そのため洗顔後には保湿しないほうが良いのではないか、ただでさえ毛穴は皮脂で満たされているのに、そこに化粧水や乳液を塗ると良くないのではないかと思うかもしれません。

けれども皮脂がなぜ分泌されるのか、皮脂の役割について目を向けてみると、見落としがちなことに気がつきます。

今回はオイリー肌の洗顔やスキンケアの方法について解説します。

オイリー肌とは?

オイリー肌とは脂性肌とも呼ばれ、皮脂分泌が活発な肌のことをいいます。オイリー肌には次のような特徴があります。

●皮脂のべたつきが気になる
●あぶらとりがみで一日に何度も皮脂を取り除く必要がある
●ニキビができやすい
●化粧が崩れやすい
●毛穴の開きが目立つ

また皮脂が多い部分と乾燥した部分が混在する肌質の人は混合肌と呼ばれています。混合肌の人も、皮脂が多い部分はオイリー肌の人と同じ特徴があります。

皮脂腺の多い額から鼻まわりは皮脂が多く、皮脂腺の少ない目の周りや口の周りが乾燥することが多いです。この記事で説明する内容は、混合肌の人にも参考にしていただけます。

オイリー肌の原因

オイリー肌の原因は次のようなことが考えられます。

◯男性ホルモン
皮脂分泌は男性ホルモンが多いと活発になります。男性ホルモンは男性だけではなく女性も分泌されています。ストレスなどによりホルモンバランスが崩れて男性ホルモンが優位になると、皮脂分泌が活発化します。

◯年齢
皮脂分泌量は年齢によって変化します。10代の頃は皮脂分泌が活発ですが、女性は40代以降になると徐々に皮脂が減ってきます。年齢による皮脂分泌の変化は、男性ホルモンだけではなく女性ホルモンの変化による影響もあります。

◯過剰な洗顔
洗浄力の強い洗顔料を使っていたり、一日に何回も洗顔したりしていると、必要な皮脂が洗い流されてしまい、肌の防御作用により皮脂分泌が活発になることがあります。

◯洗顔後のスキンケアが不適切
洗顔後は肌のうるおいを守る皮脂が洗い流されてしまい、肌の水分が蒸発しやすくなります。そのため洗顔後は保湿することが必要ですが、ケアを怠ると肌の防御作用により皮脂分泌がより活発になります。

◯食生活の乱れ
栄養不足は肌の状態を悪くし肌の乾燥を招くため、皮脂分泌が活発になります。

オイリー肌は保湿しない?

皮脂分泌が多いオイリー肌だと、保湿はいらないのではないかと思う人は多いかもしれません。しかしオイリー肌の原因で述べたように、肌のうるおいを守るために皮脂分泌が活発になることもあるので、肌はきちんと保湿する必要があります。

インナードライ肌(乾燥性脂性肌)という肌質は、外から見るとオイリー肌のようですが、オイリーなのは肌表面だけで、肌は水分不足ということもあるのです。この場合は特に、丁寧に保湿することが大切です。

肌の水分が奪われると、身体の防御反応として皮脂分泌が活発になるので、洗顔後は特にすみやかに保湿することがオイリー肌を改善するコツともいえるでしょう。

オイリー肌の改善方法4個[洗顔・スキンケア]

それでは具体的に、オイリー肌の洗顔・スキンケアのステップにおける改善方法について説明します。

1. 自分の肌に適した洗顔料を使う

洗顔料には洗浄力の強いものから弱いものまであります。さっぱりした洗い上がりを好むのであれば、石けんベースの洗浄力が強いタイプがおすすめです。

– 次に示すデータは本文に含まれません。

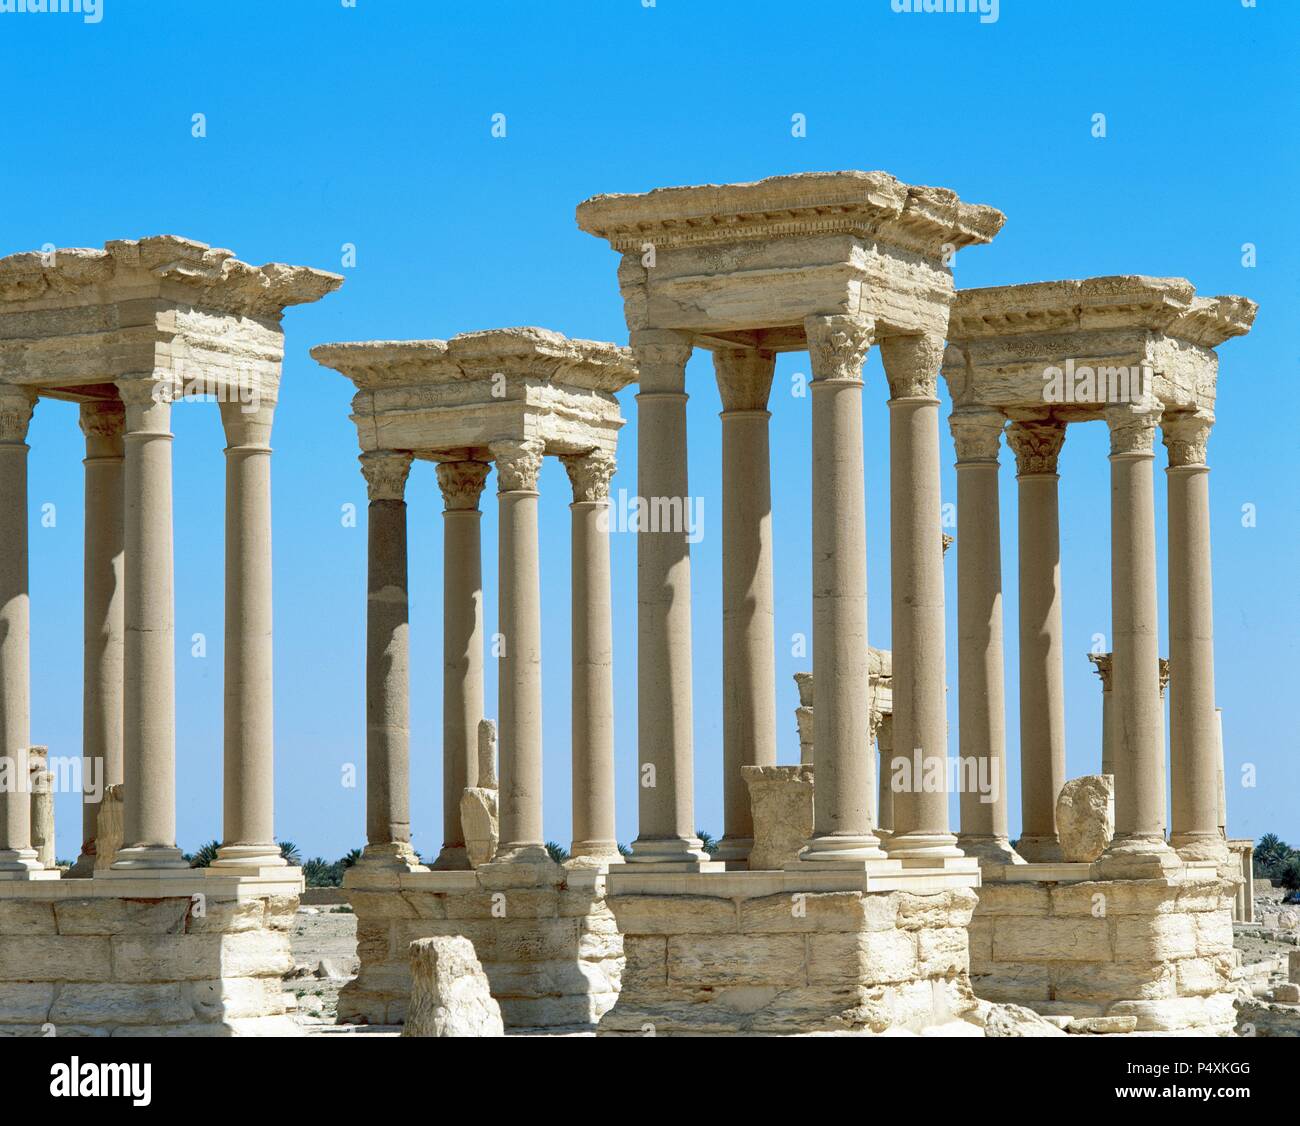 Roman art. Syria. Palmyra. The tetrapylon. Ancient type of monument of cubic shape with a gate on each of the four sides. Stock Photo

洗浄力は配合している洗浄剤により様々で、石けんベースでもアミノ酸系界面活性剤や非イオン(ノニオン)界面活性剤を混ぜた洗顔料もあり、少しマイルドな仕上がりに調整されています。

インナードライ肌の場合は、少し洗浄力を落としたほうが良いので、肌の状態と洗い上がりの好みで決めても良いと思います。サンプルがあれば、購入前に試せるので安心です。

2. 洗顔後は速やかに化粧水で保湿する

洗顔後は肌表面の皮脂や肌の保湿成分が洗い流されているので、肌の水分が蒸発しやすい状態になっています。このまま何もしないでいると肌はどんどん乾燥し、後から保湿しようとしても肌は思うようにうるおいを取り戻すことができません。

洗顔後、早く化粧水で保湿するかはかなり重要なのです。インナードライ肌だけではなく、オイリー肌であっても同じです。

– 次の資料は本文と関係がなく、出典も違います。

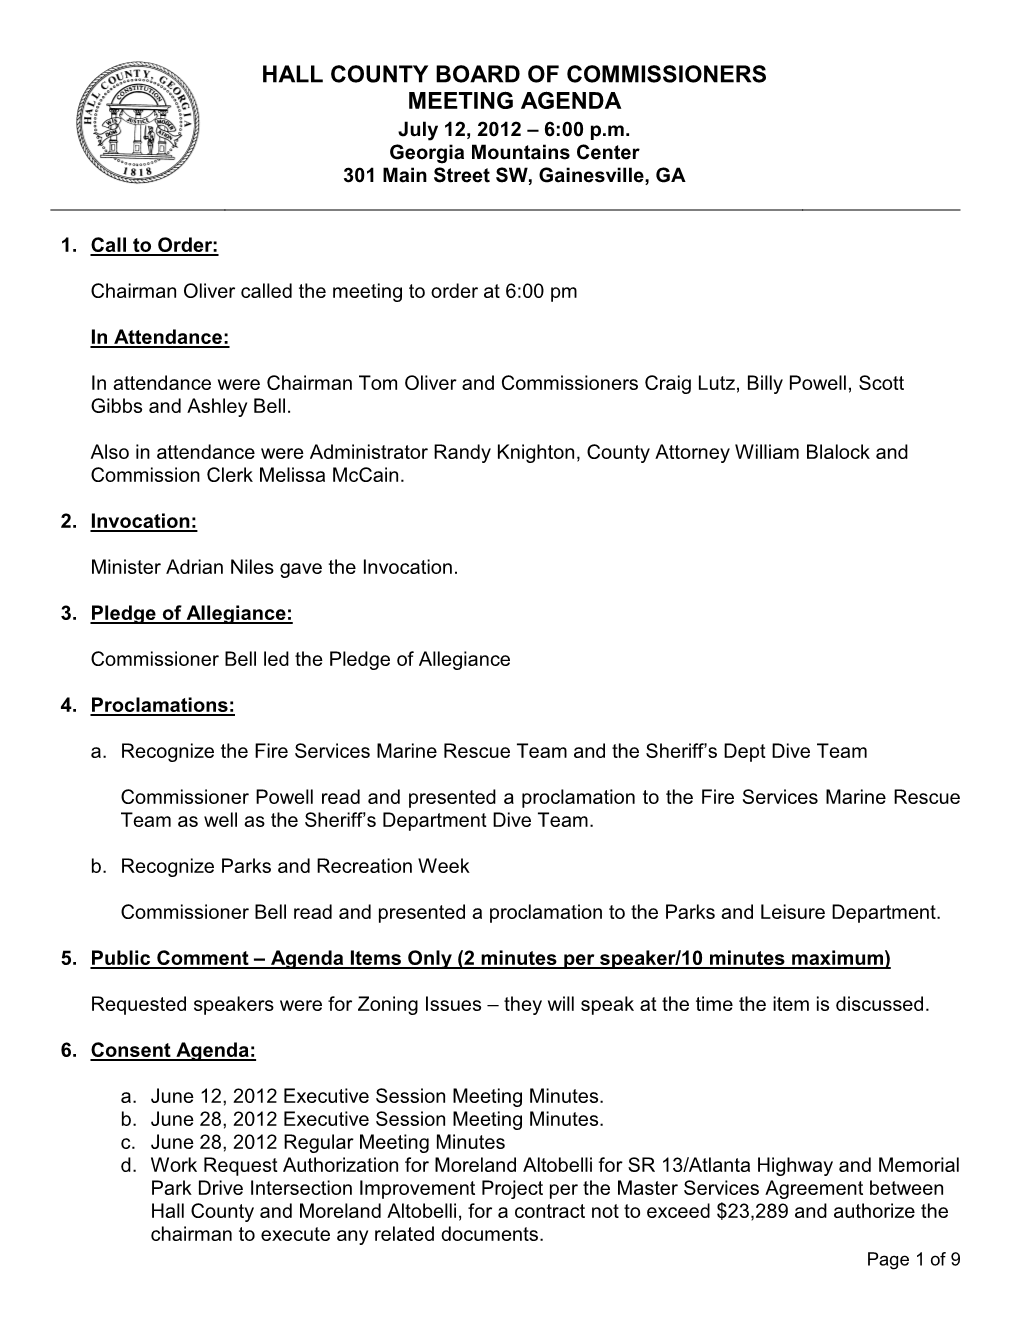 HALL COUNTY BOARD of COMMISSIONERS MEETING AGENDA July 12, 2012 – 6:00 P.M

洗顔後は直ちに化粧水で保湿するようにしましょう。使う化粧水はお好みのもので構いませんが、指で肌に触れながら隅々まで丁寧に塗り、保湿感が足りない部分には重ねづけするなどして、しっかり保湿することが肝心です。

3. 化粧水で保湿した後は乳液で肌を保護する

化粧水をつけただけの肌で放置していると、やはり肌の水分が蒸発してしまいます。化粧水は肌にうるおいを与えますが、油が配合されていないので肌の水分蒸発を防ぐことができないからです。

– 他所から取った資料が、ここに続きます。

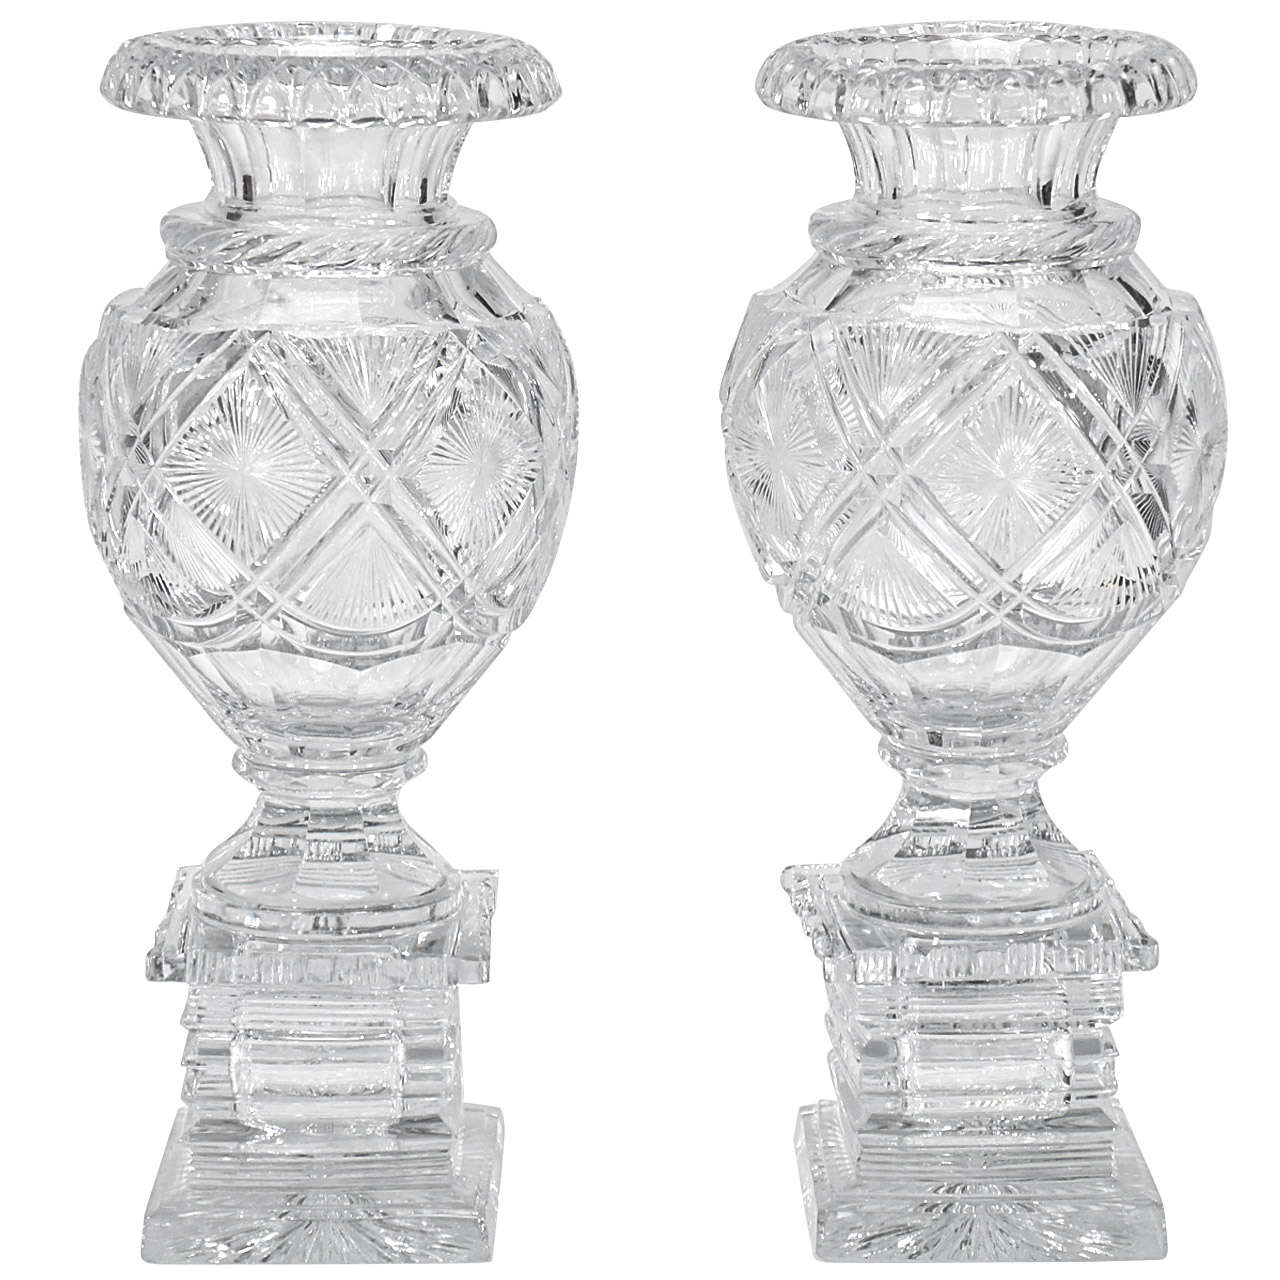 Pair of 19th C. Anglo-Irish Cut Crystal Mantle Vases W/ Square Bases For Sale

オイリー肌の人であっても、すぐに肌表面が皮脂で覆われるわけではありません。皮脂が肌表面を保護できるようになるまでの時間、乾燥を防ぐために油分を含む乳液で肌を保護する必要があります。

後になると皮脂でべたつくからと言って、ごく少量しか塗らないでいると、肌は乾燥してしまいます。肌が乾燥していると、肌を守ろうとして皮脂分泌が活発になってしまいます。油分を恐れず、適量をしっかり肌に塗りましょう。そうすることで、過剰な皮脂分泌を誘発する要因を一つ減らすことができます。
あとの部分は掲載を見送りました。